In the last decade, the development of ultra-fine grained and nano-grained (UFG/NG) materials has attracted particular attentions because of the improved mechanical and corrosion properties compared with the coarse grained (CG) materials at initial stage [8]. Severe plastic deformation (SPD) techniques, including equal channel angular pressing (ECAP), high pressure torsion (HPT) and accumulative roll bonding (ARB) are effective tools for fabricating UFG/NG metals and alloys [[9], [10], [11], [12]]. Besides, SPD approaches can render material with relatively higher strength and novel bio-functional properties. This particular combination cannot be provided by the traditional processing techniques [[13], [14], [15]]. Previous studies have mainly focused on the fabrication and characterization of the UFG/NG materials, including the investigation of their grain refinement, improved fatigue behavior, hardness, thermal stability, magnetic properties, etc [8,[16], [17], [18]]. Recently, the relationship of grain size and the biological properties has been studied. It has been reported that the UFG/NG material surfaces can enhance protein absorption, which is one of the major intermediaries for cell adhesion and functions and tissue growth. Increased surface area and reactivity are considered to be the main reason [19]. Besides, it has been shown that SPD methods can provide bulk/surface materials with superior bio-functions [20]. Furthermore, enhanced mechanical properties would guarantee the biosafety of the UFG/NG materials under physiological strains, and lower the possibility of failure due to low strength. The higher mechanical strength also provides the opportunity of downsizing the implants and medical devices, which is favorable for noninvasive surgery [19], and is exactly the goal that biomaterial researchers actively and continually pursue [21].

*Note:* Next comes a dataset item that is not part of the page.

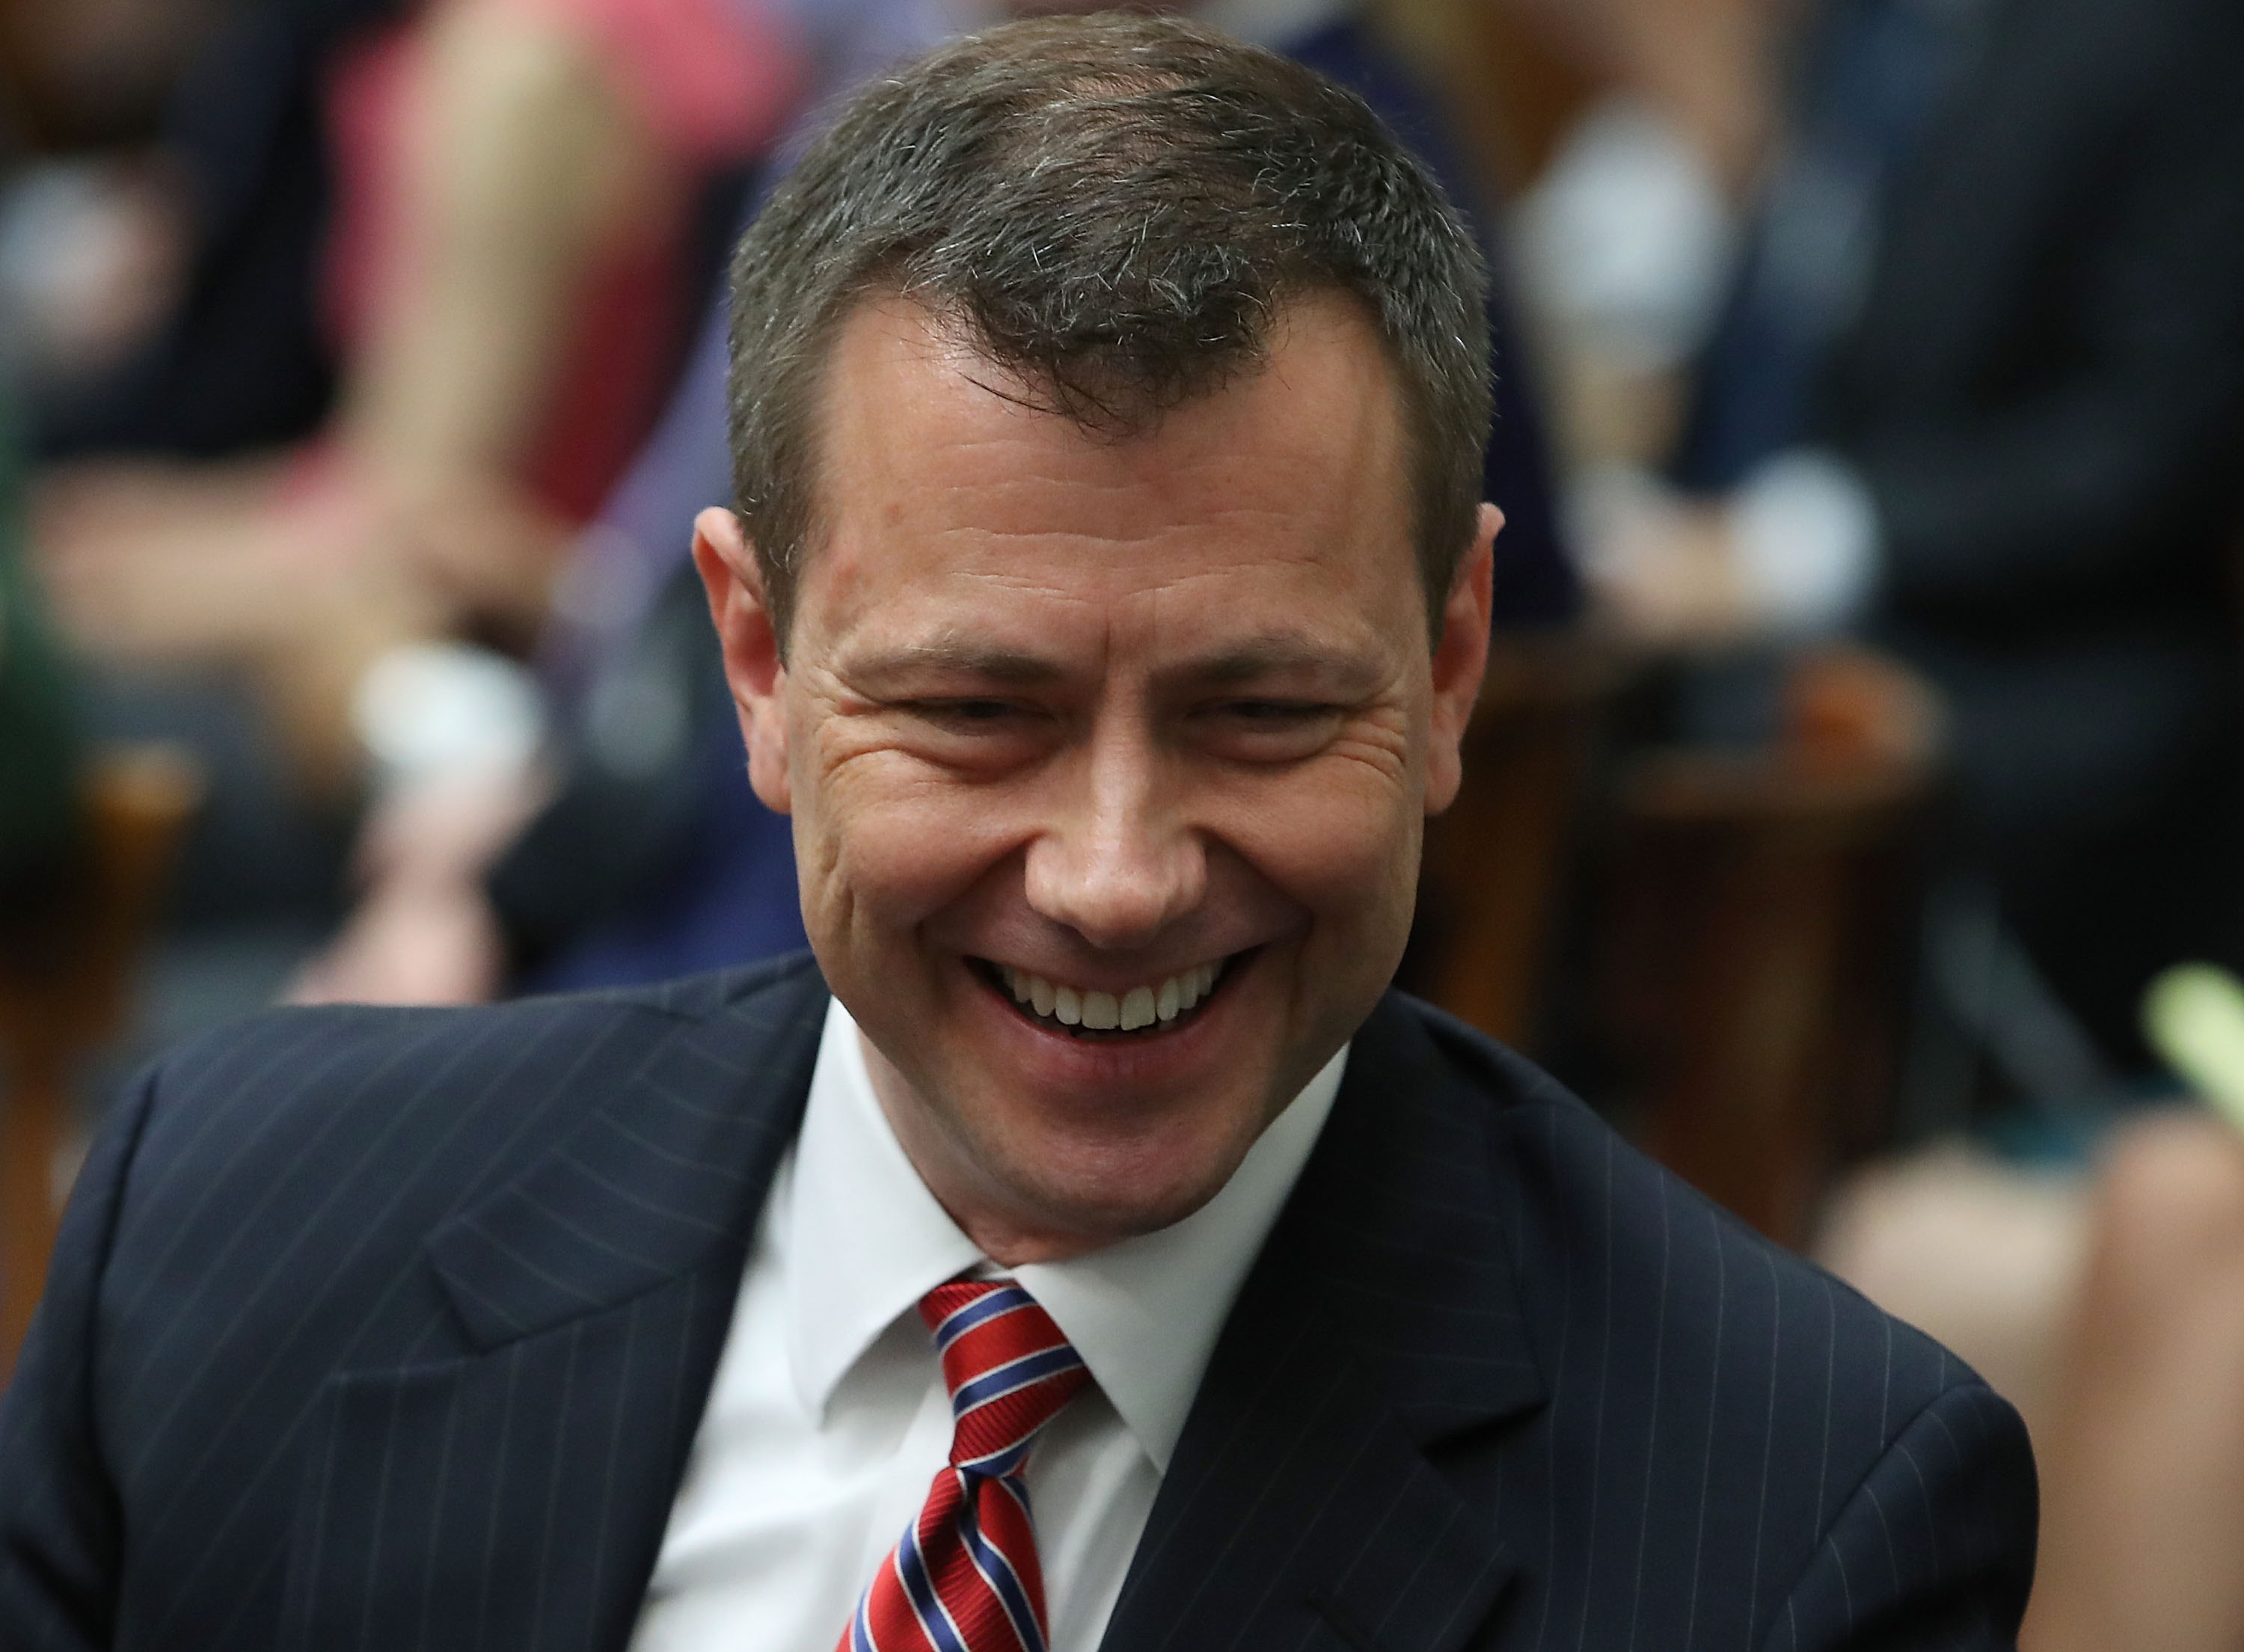 Peter Strzok 5 Fast Facts You Need to Know
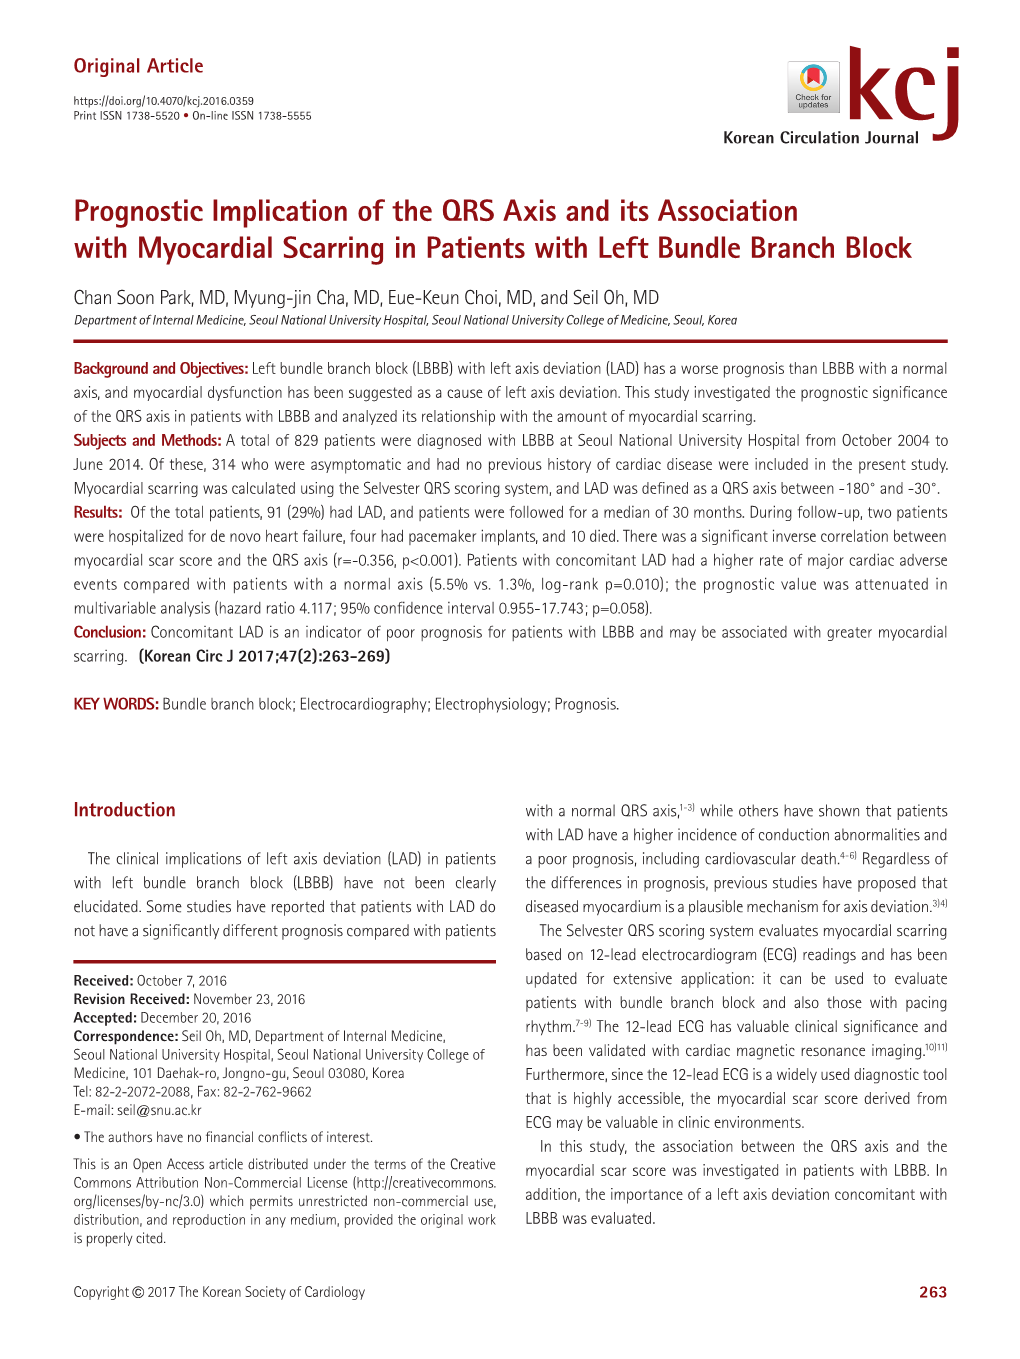 Prognostic Implication of the QRS Axis and Its Association with Myocardial Scarring in Patients with Left Bundle Branch Block

The aim of the present study is to develop a novel nanocrystalline Ti49.2Ni50.8 alloy via SPD process on microcrystalline Ti49.2Ni50.8 alloy and evaluate its cell and tissue responses as well as the bio-functionality by in vitro and in vivo studies.
The commercial binary Ti49.2Ni50.8 alloy shape memory alloy was purchased from the Trillion Metals Co., Ltd., China, and used as microcrystalline control group. Nanocrystalline T Ti49.2Ni50.8 alloy samples were prepared by ECAP for 8 passes, with regime Bc route at 450 °C.
Experimental samples (disc shape with the size of φ4 mm × 1 mm) for in vitro study were mechanically polished up to 2000 grit, ultrasonically cleaned in acetone, absolute ethanol and distilled water in sequence, and then dried in open air. For cell experiment, all experimental samples were sterilized in an autoclave. The implants with the size ofφ4 mm × 7 mm were chosen for animal study. Before implantation, samples were sterilized by Gamma radiation.
Transmission electron microscopy (TEM, JEM 200CX, JEOL, Japan) was employed for the identification of the phase constitution and morphology in the nanocrystalline Ti49.2Ni50.8 alloy.
The haemocompatibility assessment was in accordance with our published protocols [22], which is detailed as follows: for the hemolysis tests, healthy human blood was diluted with saline, followed by dipping the samples in 10 mL saline. Then 0.2 mL of diluted blood was added to the samples and the mixtures were incubated for 1 h at 37 °C. After that, the samples were centrifuged and the supernatant was carefully removed and transferred to 96 well plates for further analysis at 545 nm using microplate reader (Bio-RAD680). For the platelet adhesion test, the platelet-rich plasma (PRP) was prepared and then moved to the sample surfaces and incubated at 37 °C for 1 h. The samples were rinsed with PBS to remove the non-adherent platelets. After that, the adhered platelets were fixed in 2.5% glutaraldehyde solutions for 1 h at room temperature followed by dehydration in a gradient ethanol/distilled water mixture (50%, 60%, 70%, 80%, 90%, 95% (two times), and 100%). The platelet was observed by environmental scanning electron microscopy (ESEM, AMRAY-1910FE). Six different areas were randomly counted and values were expressed as the average number of adhered platelets per mm2 of surface.
Bovine serum albumin (BSA, Baosai Biotechnology Inc., Beijing) was chosen as the standardized protein. The protein solution (100 μl, 0.2 mg/ml) was pipetted onto the sample surfaces and after incubation for 2, 4 and 24 h at 37 ℃, the non-adherent proteins were removed and mixed with micro-bicinchoninic acid (BCA) at 37 °C for 30 min. Finally, the albumin (both the removed albumin and the total albumin) was quantified using a microplate reader (Bio-RAD 680) at 570 nm.
Murine fibroblast cell lines (L-929) and osteoblast cell lines (MG63) were adopted in the present study to evaluate the cytocompatibility of samples. All the cells were incubated in Dulbecco’s modified Eagle’s medium (DMEM), mixed with 10% fetal bovine serum (FBS), 100 U mL-1 penicillin and 100 μg mL-1 streptomycin at 37 ℃ in a humidified atmosphere of 5% CO2.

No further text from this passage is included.